Lo impasible y contemplativo

PinaFotograma de Pina

Lo más escandaloso que tiene el escándalo es que uno se acostumbra.
Simone de Beauvoir

El director alemán Wim Wenders, quien tuvo con seguridad su mejor etapa como creador en los años setenta y ochenta, siempre se ha interesado por el relato cinematográfico cual recorrido audiovisual; la road movie reflexiva, un cine contemplativo que también se piensa desde el diálogo y la imagen colorista, no suele dejar indiferente. Sin embargo, en los últimos años ha tenido la inquietud de volcarse sobre el documental como herramienta de trabajo. Su película anterior, Pina (2011), adolece de una mirada superficial sobre la fallecida Pina Bausch. La película intercala extractos de las puestas en escena de la coreógrafa y bailarina, así como entrevistas realizadas a sus allegados o conocidos. Cabezas hablantes que validaban un discurso que nunca se cuestiona, Wenders no problematiza, laurea a una de las grandes figuras de la danza contemporánea; no obstante, la paradoja consiste en el aplanamiento de la contemporaneidad.

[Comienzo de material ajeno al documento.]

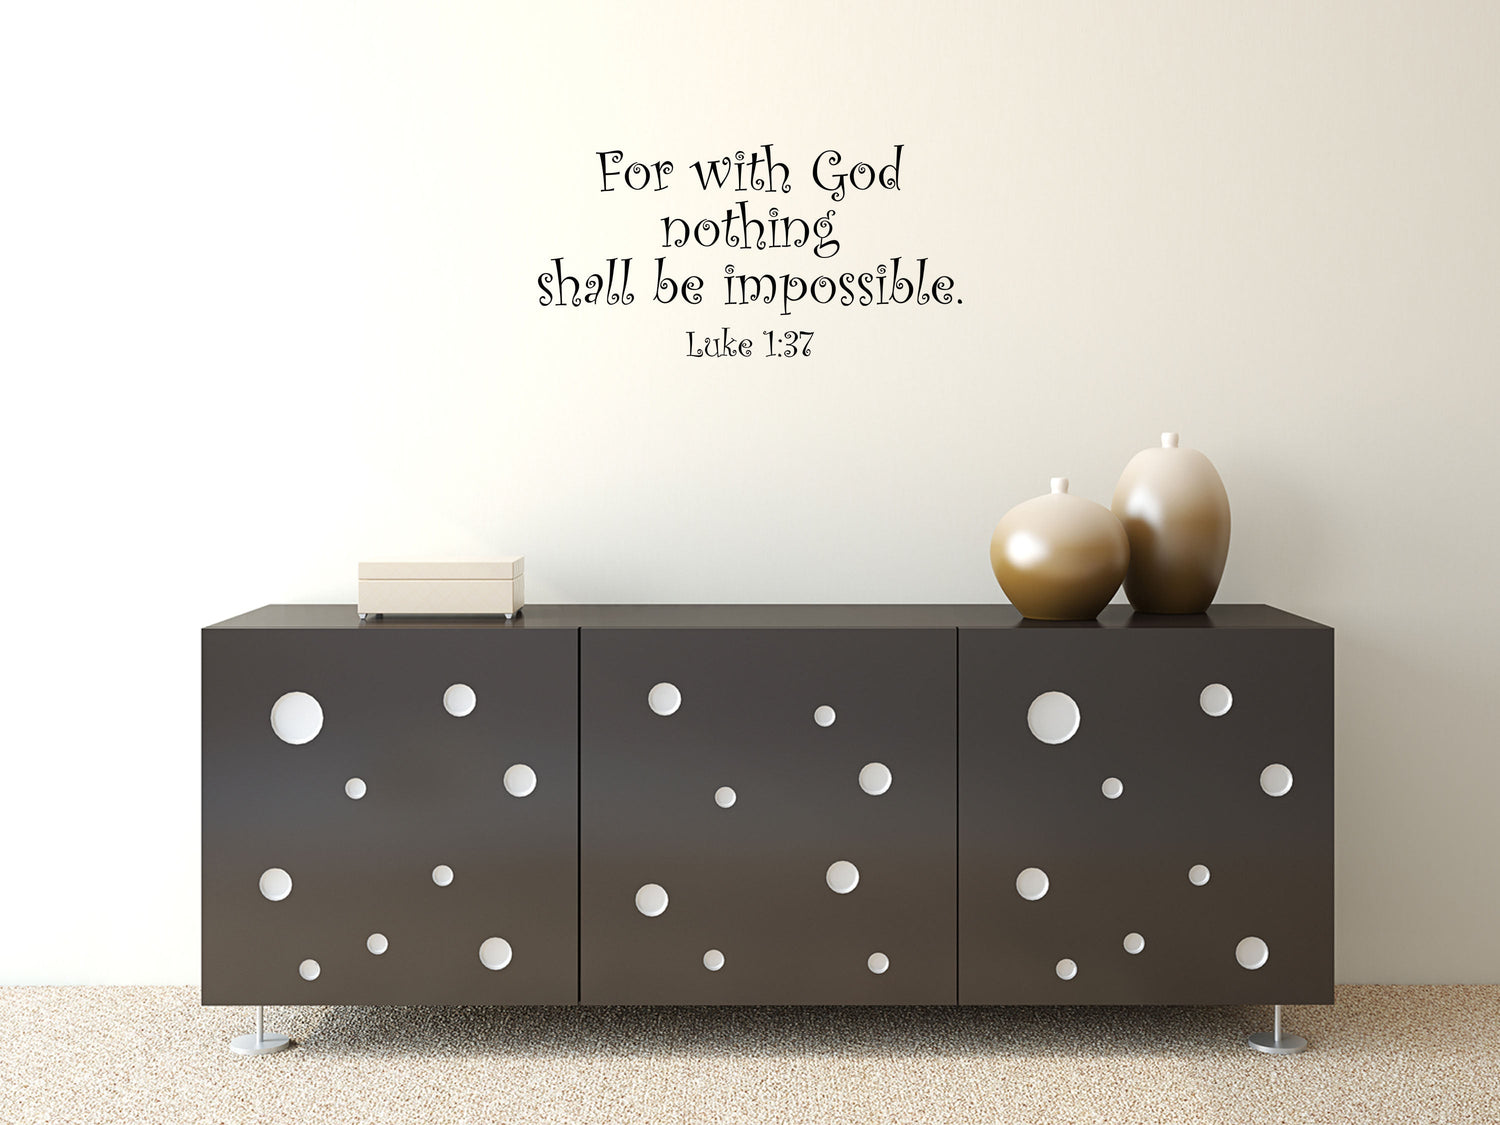 Luke 1:37 For With God Nothing Shall Be Impossible - Scripture Wall Decals Vinyl Wall Decal Inspirational Wall Signs

Giorgio Agamben, en su texto ¿Qué es lo contemporáneo? (2008), explica que el contemporáneo es alguien que vive en desfase con su propio tiempo; anacrónico, escapa a la luz de su época para sumergirse en el cono de oscuridad. Lo contemporáneo no consuela, por el contrario, angustia y cuestiona; es un concepto que bien puede esgrimir la obra de Pina, figura de ruptura en las artes. Por su lado, la película embellece el discurso al idealizar a la artista con escenas visualmente atractivas, pero vacías en su propia belleza; le falta rigor plástico que conecte con lo inefable de la danza y la música. Algo falla, y es la condescendencia de su director. No todo lo bello es atractivo. Wenders, quien fue el desfase de su tiempo, ahora se ve desteñido en sus trabajos más recientes, y no precisamente por el cono de oscuridad, sino por el desapego a disertaciones que propongan ideas auténticas sobre la imagen en movimiento. Hay mucha luz en su discurso; habría que oscurecerlo un poco.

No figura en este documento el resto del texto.